Localising and Contextualising Access Technologies

Volume 2    Issue 3    March 2017

The World Health Organisation (WHO) has highlighted the importance of prioity assistive technologies to ensure the needs of people with a disability are met globally. Addressing this need requires a combination of innovative new solutions and the localisation in new communities of existing ones.  Localisation can be described as the linguistic and cultural adaptation of digital content to the requirements of a specific cultural market and GALA suggest that is beyond simply translation and includes other conventions such as date, time, currency, number formats, text, images, colour symbols, flow of information and product functionality. In order to complete such localisation there is a need to understand the differences between cultures and the problems that are likely to occur as a result. In seeking to address the global needs for assistive and accessible technologies such processes need to be recognised and considered. In truth, any definition of Universal design that fails to take account of culture and language cannot truly be referred to as Universal.

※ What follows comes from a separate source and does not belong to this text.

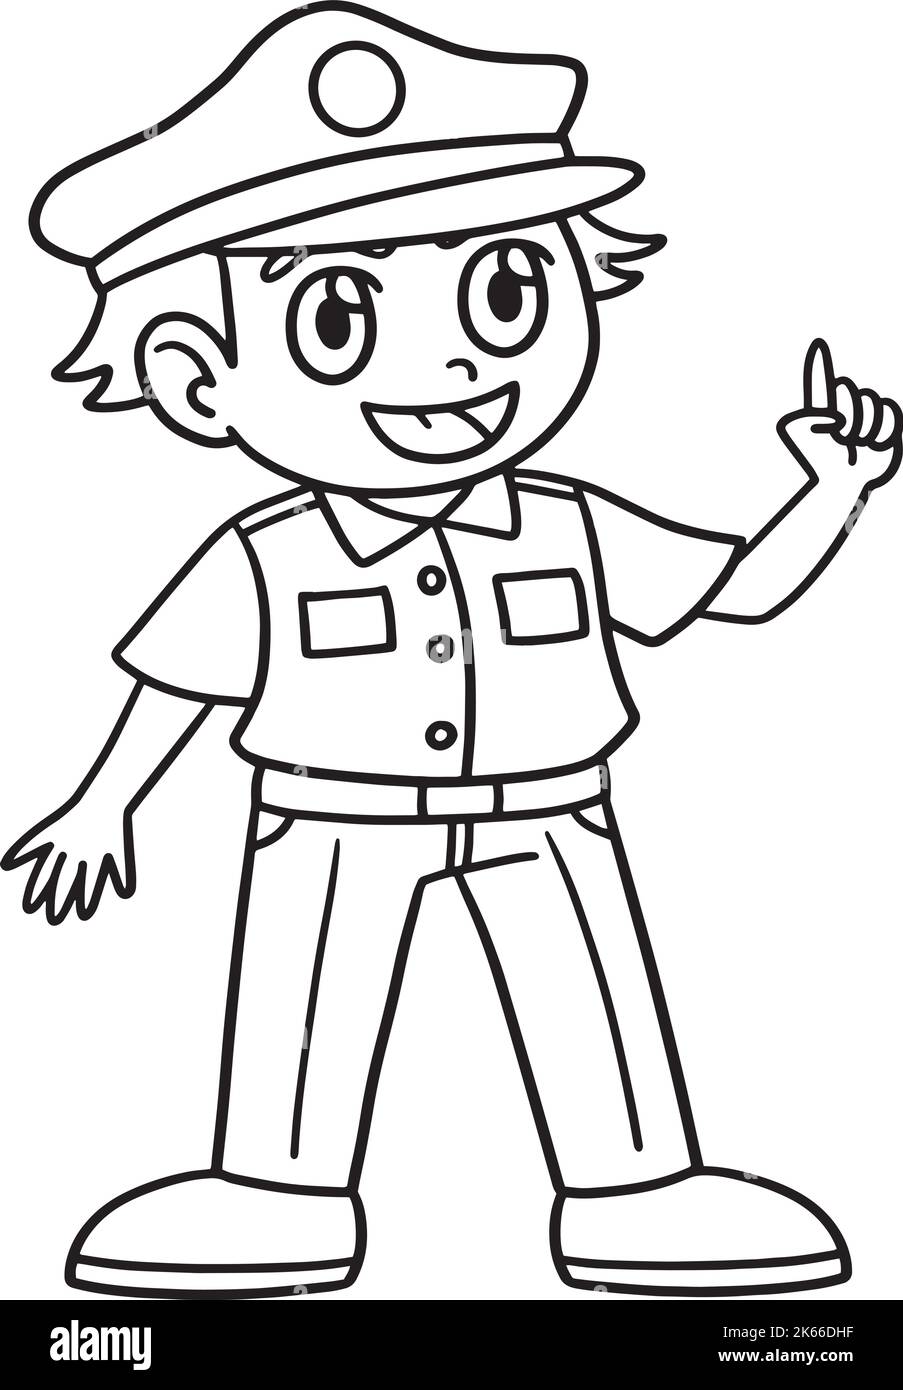 Police Officer Isolated Coloring Page for Kids Stock Vector

Our work in developing a framework for this in the Arab world has been based upon the practical experience of localising over 40 assistive technologies to support Arabic, working with developers to transition their technology, and with investment to mitigate any risks. The framework established has been effective in delivering in both the commercial and Open Source spheres. Full details of the Mada framework are available online alongside a downloadable summary of the key factors, which include the need to: 1) address design; 2) understand the language; 3) outline and address technical issues; 4) consider individual needs; and 5) deliver through partnerships

There is value in the clear discovery of requirements and local needs, generating a design that respects culture and language and recognises any impact on content. Great care should be taken with translation, which may be strengthened through the addition of a glossary and by engaging with both local translators and linguists.

Developers recognise a need to establish a consistent style regardless of the local version of a product. Later localisation is facilitated if a clear style guide for design is developed which includes the use of universal graphics and icons wherever possible. Testing with potential users, provides feedback that forms the basis of further development including both maintenance and updates. In the Tawasol project, (creative commons symbol dictionary for Arabic speakers) the engagement of users was central to design. The community was at the heart of the process of review and testing through a combination of approaches including face to face and focus group sessions to discuss and vote on design options, alongside an online voting and management system that allowed users and professionals to give continuous feedback.

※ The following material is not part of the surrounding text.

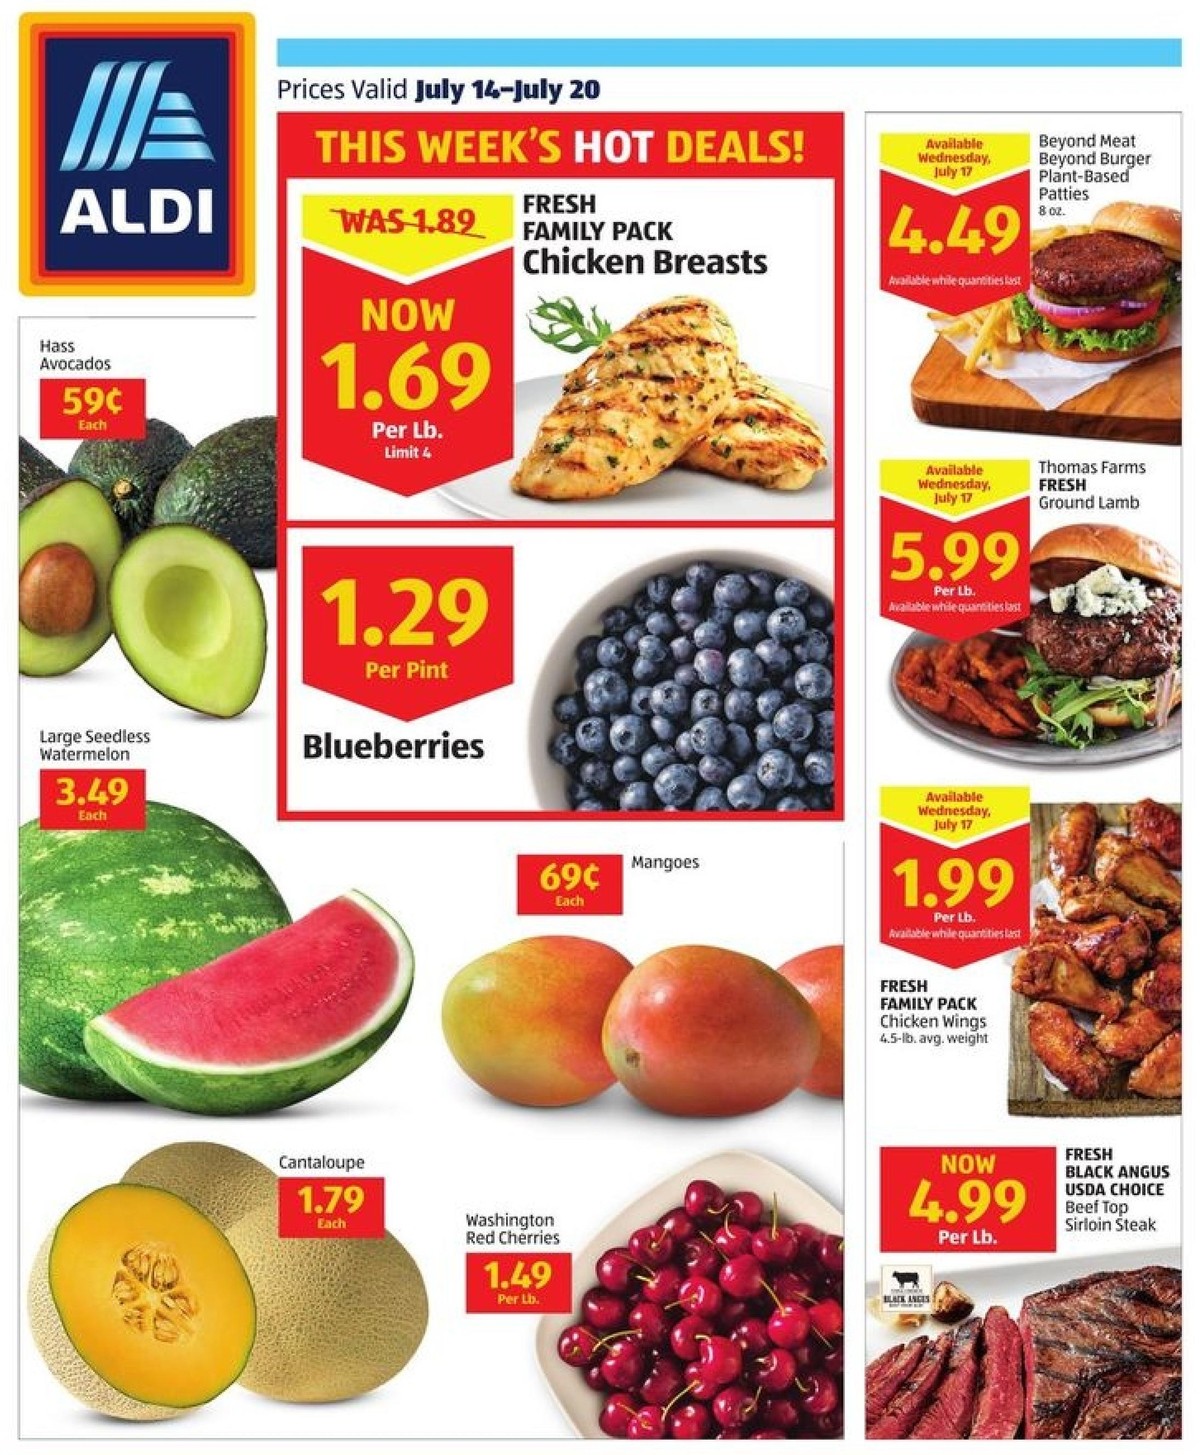 ALDI Weekly Ad from July 14

The delivery of successful, innovative technology solutions for people with a disability requires full consideration of these issues and implementation of suitable processes. Used effectively they can help reduce the cost of transfer, and in the case of Open Source solutions lead to a well managed, distributable solution that is cost effective and will have impact.

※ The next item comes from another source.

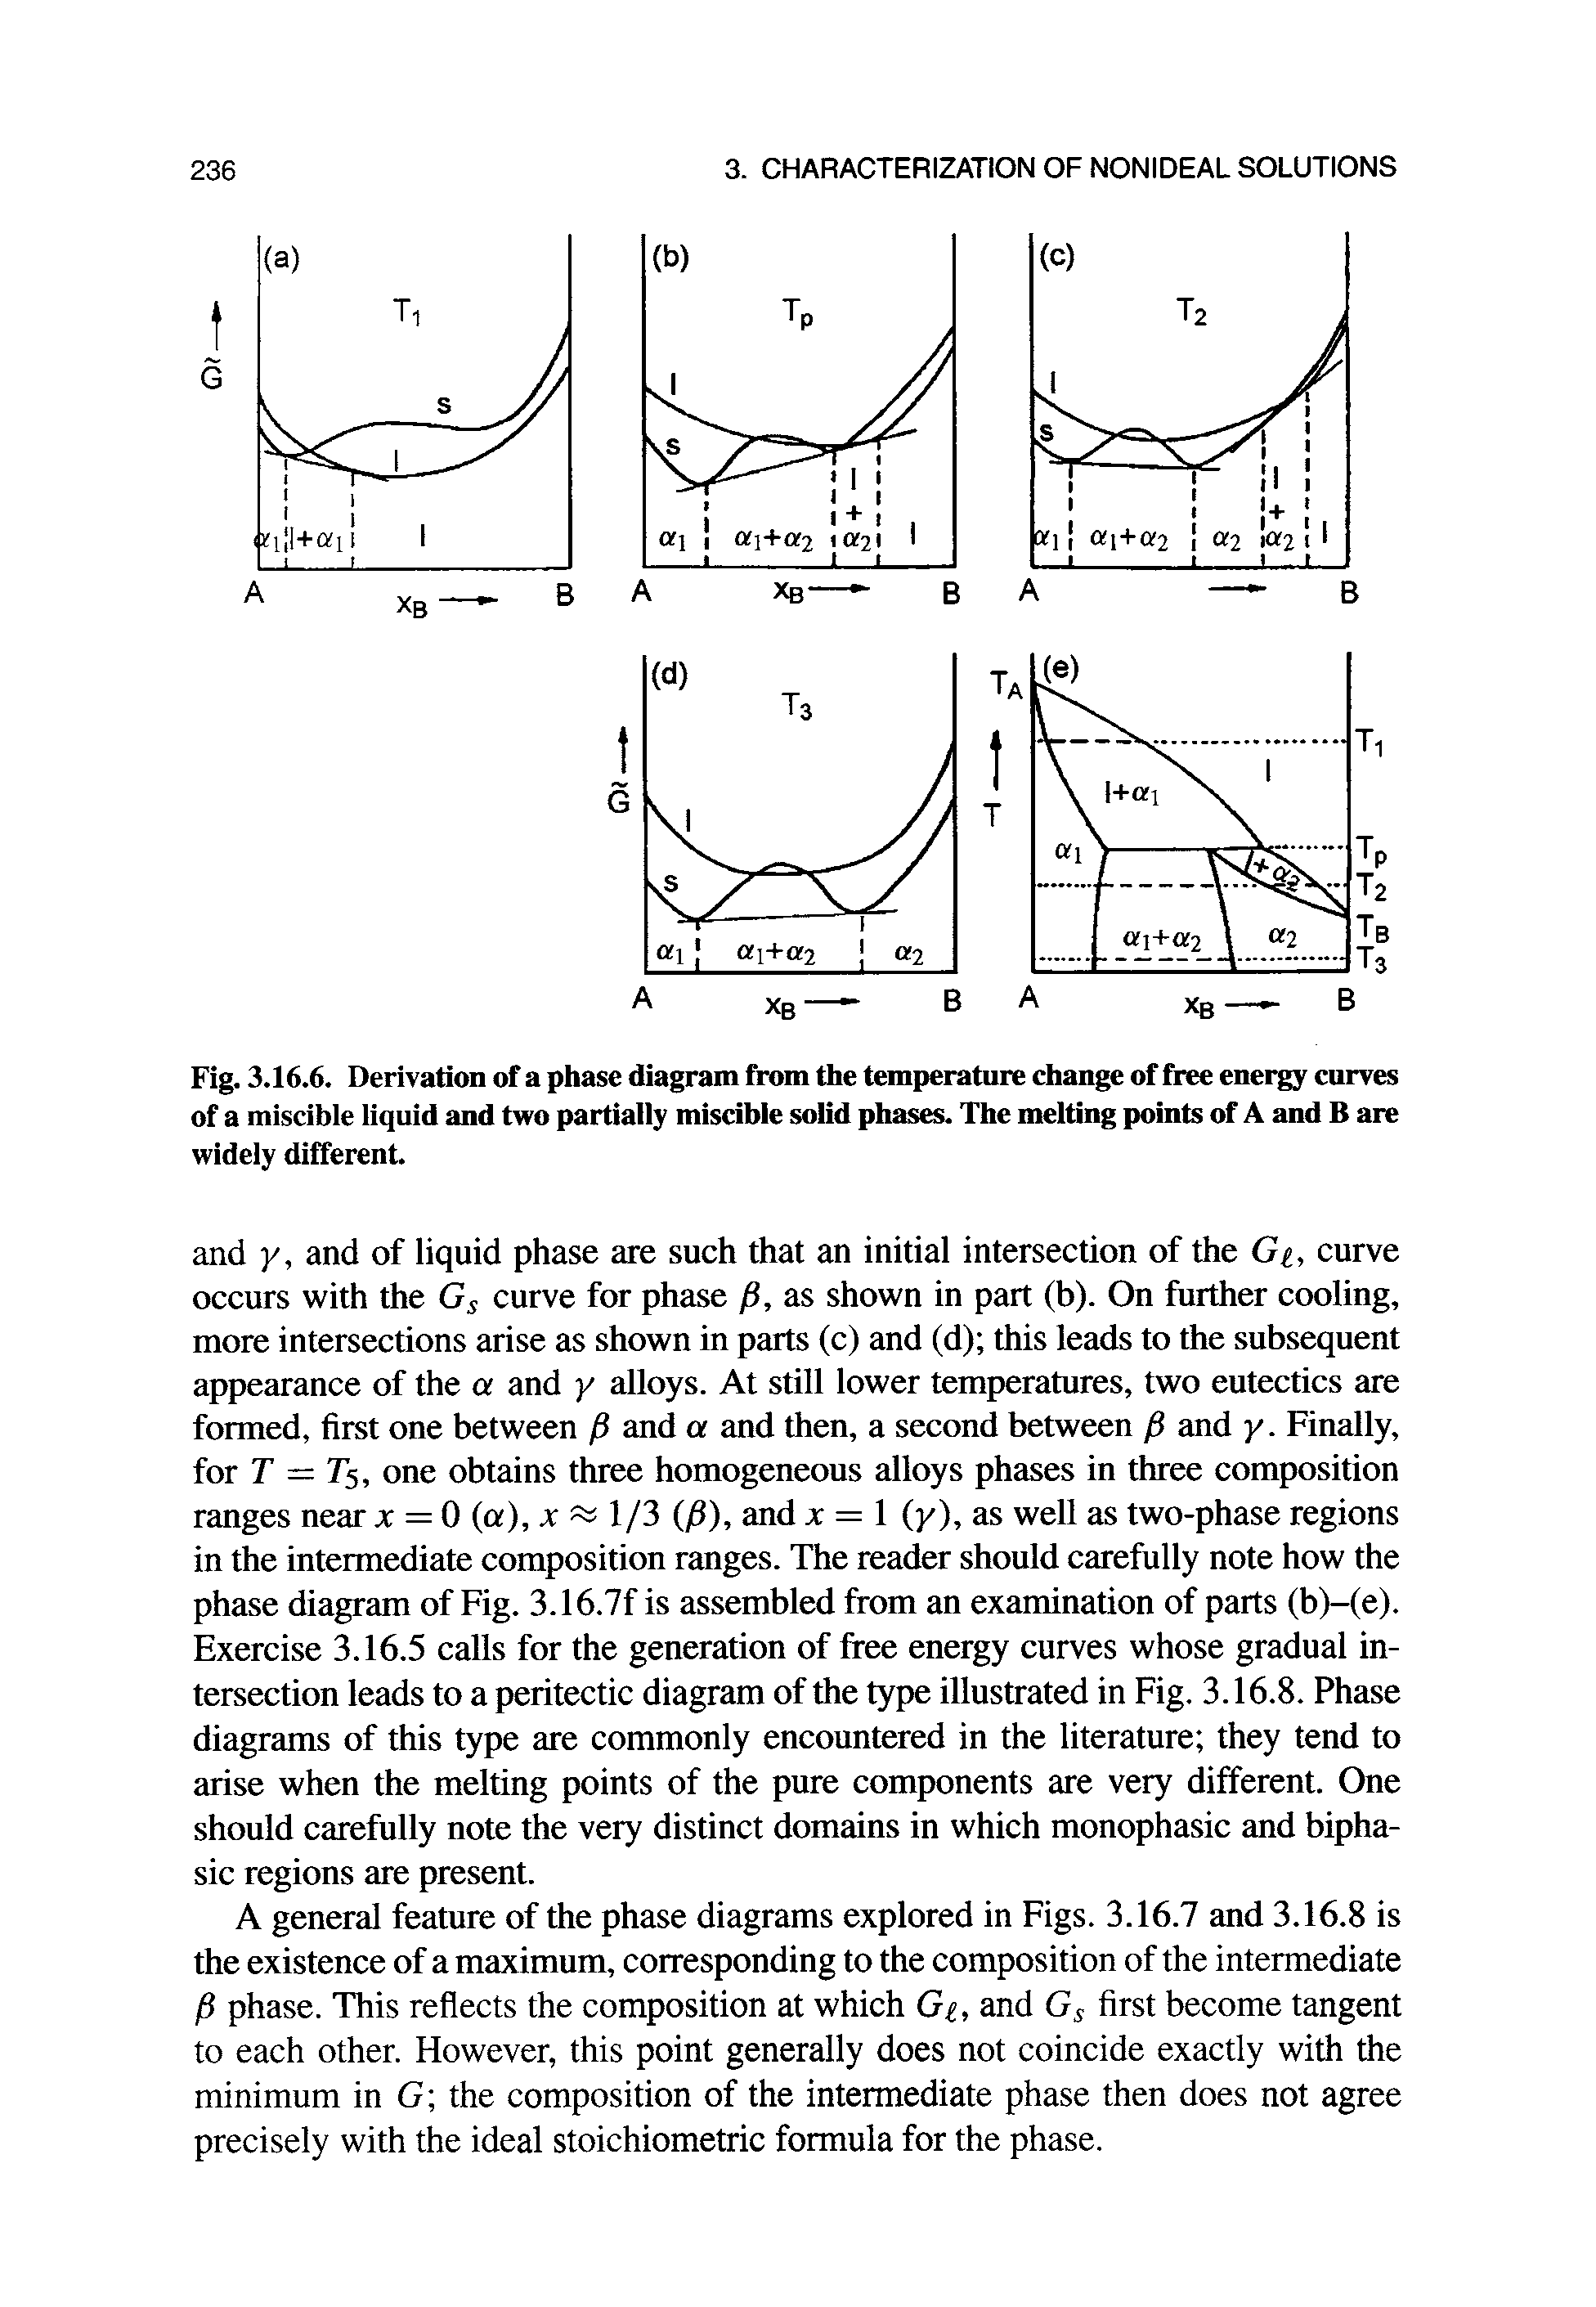 Fig. 3.16.6. Derivation of a phase diagram from the temperature change of free energy curves of a miscible liquid and two partially miscible solid phases. The melting points of A and B are widely different.

The ICT4D community has an opportunity to address these issues in a systematic manner. In seeking to support the production of quality cost effective solutions there is much that can be done together to map the availability of necessary components for localisation. The availability of available text to speech engines, word prediction tools and algorithms, speech recognition API’s and symbols for communication all provide the bulding blocks upon which new solutions can be built. Where such direct tools do not yet exist then there is a need to stimulate the production of the resources upon which these are built. Frequency of words lists in the form of a usable corpus are essential and the work of language communities to build a shareable phonetic speech corpus is an excellent example of the ways in which research can directly impact upon the creation of solutions.

Such building blocks significantly reduce the cost of localisation. They directly engage language and cultural communities in the production of products and they stimulate local innovation and development. The use of Open licences for such resources can do much to enable digital empowerment for people with a disability. Sharing the availability of research and resources can accelerate that process significantly.